背景簡介：FMR1 (fragile X mental retardation 1) 基因位於人類的Xq27.3基因座，當其CGG核苷酸重複序列 (nucleotide repeat) 過長時，將會造成X-染色體脆折症 (fragile X syndrome, 簡稱 FXS)。現已開發出可用於研究FXS的斑馬魚 (Danio rerio) 突變品系，相較於囓齒類動物，斑馬魚具有快速發育、幼體透明和高繁殖力等研究優勢。前人的囓齒類動物研究發現，FMR1突變與發炎反應間存有關聯，特別是壓力條件下的細胞激素 (cytokine) 和c-Fos的表現。已知二甲基亞碸 (dimethyl sulfoxide，簡稱DMSO）為一種的消炎藥 (anti-inflammation drug)，具有多種免疫調節效果和臨床應用。 本計劃藉由建立清晰的FMR1突變行為和基因表達表型後，來探討DMSO當作治療FXS藥物的可能性。研究方法：利用顯微鏡觀察受精後 (post-fertilization, dpf) 三天大幼魚的心率和體長，以評估DMSO處理對FMR1突變品系胚胎及幼體發育的影響。採用公開性的「深度學習軟件」，進行多動物同時自發性運動跟踪法 (multi-animal locomotor tracking)，分別對幼魚進行2分鐘 (n = 10) 及對成魚進行5分鐘 (n = 5) 的記錄及分析。通過觀察幼蟲的趨態性 (thigmotaxis) 和淺水內聚性 (shoal cohesion) 來評估幼魚的數焦慮行為 (anxiety-like behavior)，並使用新型水箱潛水模式 (novel tank) 對成魚進行焦慮評估。利用C-start反射評估幼魚的學習行為通過觀察幼蟲的趨態性 (thigmotaxis) 和淺水內聚性 (shoal cohesion) 來評估幼魚的焦慮程度，並使用新型水箱潛水模式 (novel tank) 對成魚進行焦慮評估。利用C-start反射評估幼魚的非聯結型學習行為 (non-associative learning)，而成魚則採用抑制性逃避模式 (inhibitory avoidance) 來評估學習反應。

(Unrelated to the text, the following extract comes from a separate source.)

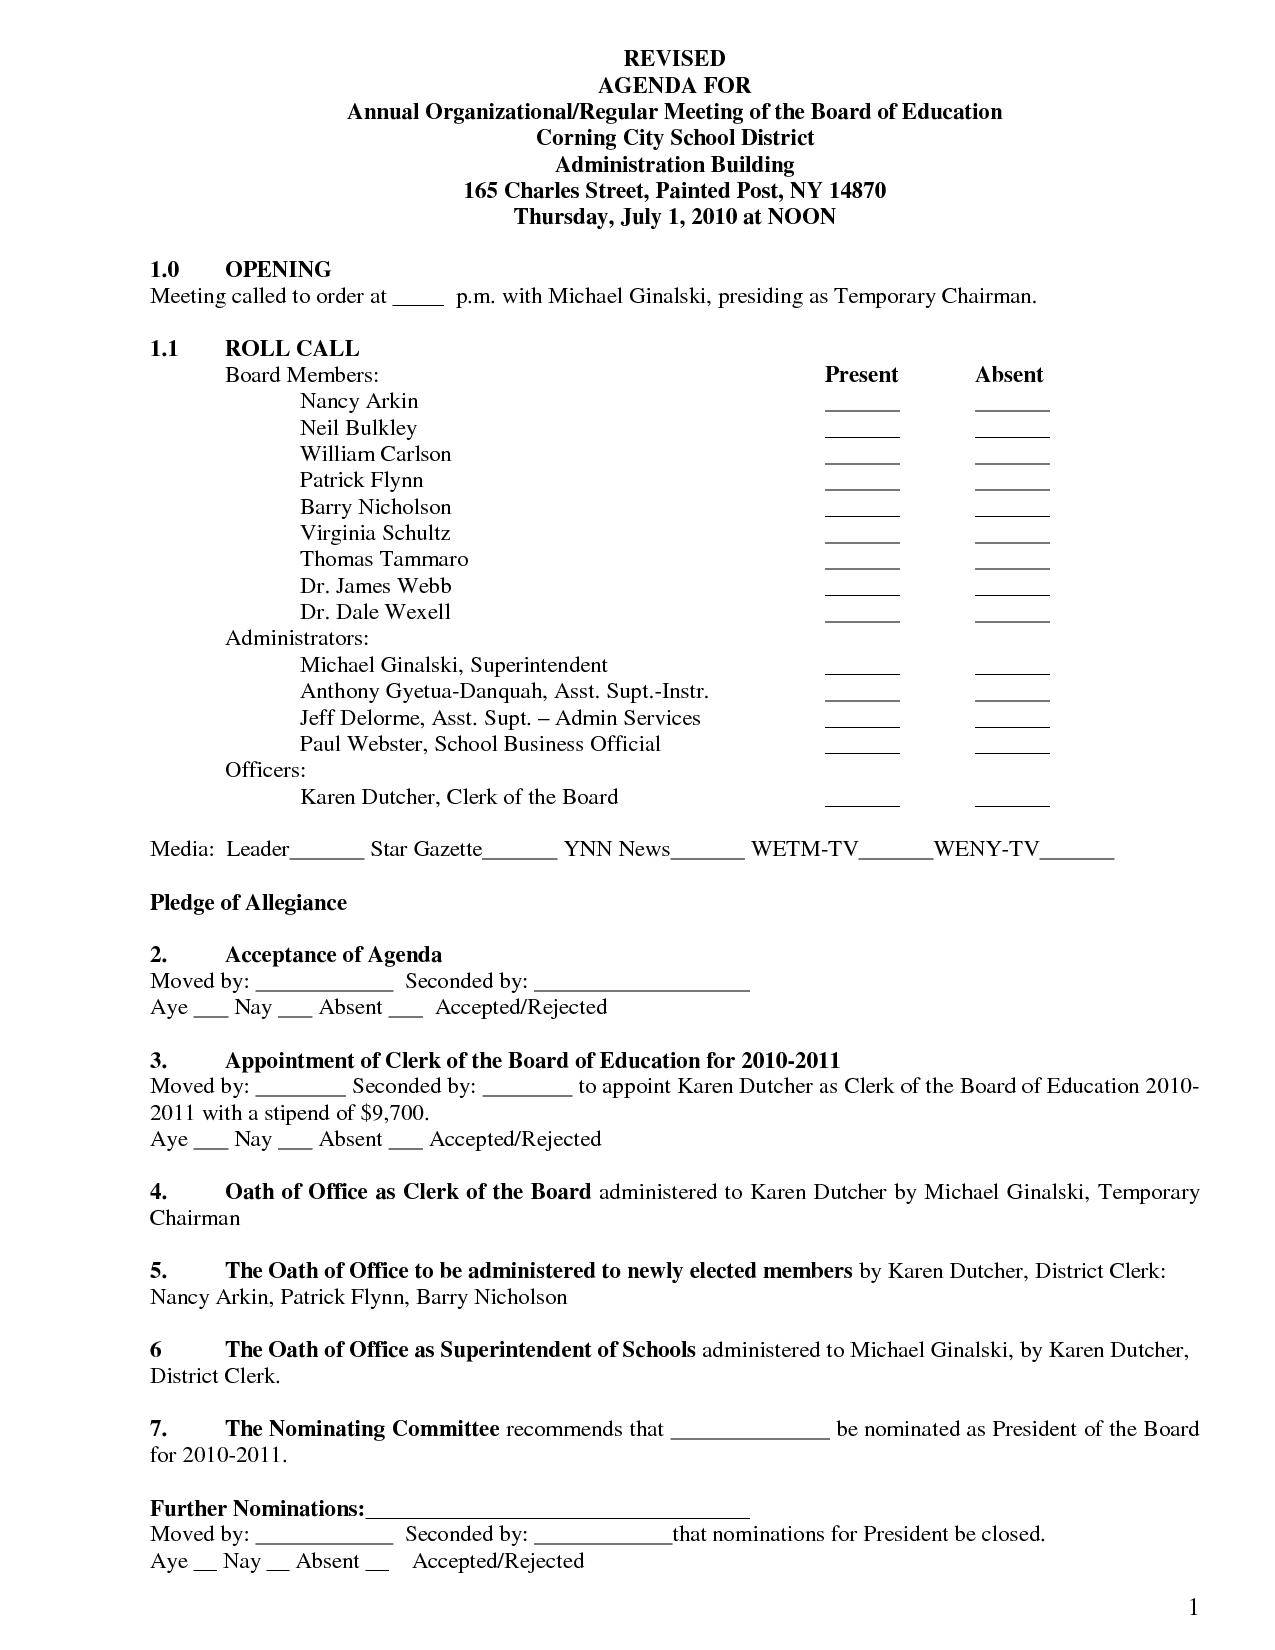 Hoa Board Of Directors Meeting Agenda Template

並以2項選擇模式 (two choice paradigm) 來評估成魚的社會興趣反應 (social interest paradigm)。最後透過定量聚合酶連鎖反應 (quantitative PCR) 評估全腦中FMR1和細胞激素 (cytokines) 的基因表現。實驗結果：突變品系成魚的行為表型分析顯示，同型合子 (homozygotes) 出現過動的反應 (hyperactivity)，異型合子 (heterozygotes) 對陌生魚的社會興趣 (allospecific social interest) 增加，同型合子中的焦慮反應及恐懼學習(fear learning)減少。DMSO的長期投予最佳濃度為0.05％，可恢復突變品系幼魚的趨態性(thigmotaxis)和淺灘凝聚性 (shoal cohesion) 行為表型。在5-dpf時觀察到誘導的C-起始反射 (strike induced C-start) 的減少，暗示該濃度的DMSO對毛細胞可能具有潛在的毒性，然而在7-dpf的幼魚身上，並未呈現空間運動的異常。該濃度的DMSO投予能夠改善突變品系成魚的焦慮和學習缺陷等行為表型。儘管DMSO處理不能使FMR1的表現恢復到正常水平，但能顯著改善c-Fos及適度改善細胞激素因子 (IL-1β，IL-6和IL-10) 的表現。結論：本計劃的結果顯示，1）FMR1突變品系的同型合子為適合的FXS動物模型，2）DMSO的使用可減少突變品系幼魚的異常行為，3）DMSO可降低突變品系成魚的異常行為，並使其腦中發炎反應基因 (inflammation genes) 表現減少。討論：突變品系成魚的運動，焦慮和恐懼學習結果與以前的囓齒動物和斑馬魚FXS模型大致相同。但在社會興趣的結果有差異，前人報導將突變品系對同種 (cospecific) 的興趣大於同種異體 (allospecific)。在幼魚實驗中的一些新發現，包括FMR1突變體在5-dpf時明顯的非聯結型學習 (non-associative learning) 障礙，焦慮以及淺灘凝聚力的增加。過去的文獻推測的腦部發炎反應基因增加，本計劃發現FMR1 KO樣本腦中神經炎症基因被下調。進一步探討特次腦區的特異性表現 (region-specific expression)，特別是在端腦內側和外側大腦皮層 (telencephalic medial and lateral pallium) ，可能會得到與囓齒類動物一致的結果。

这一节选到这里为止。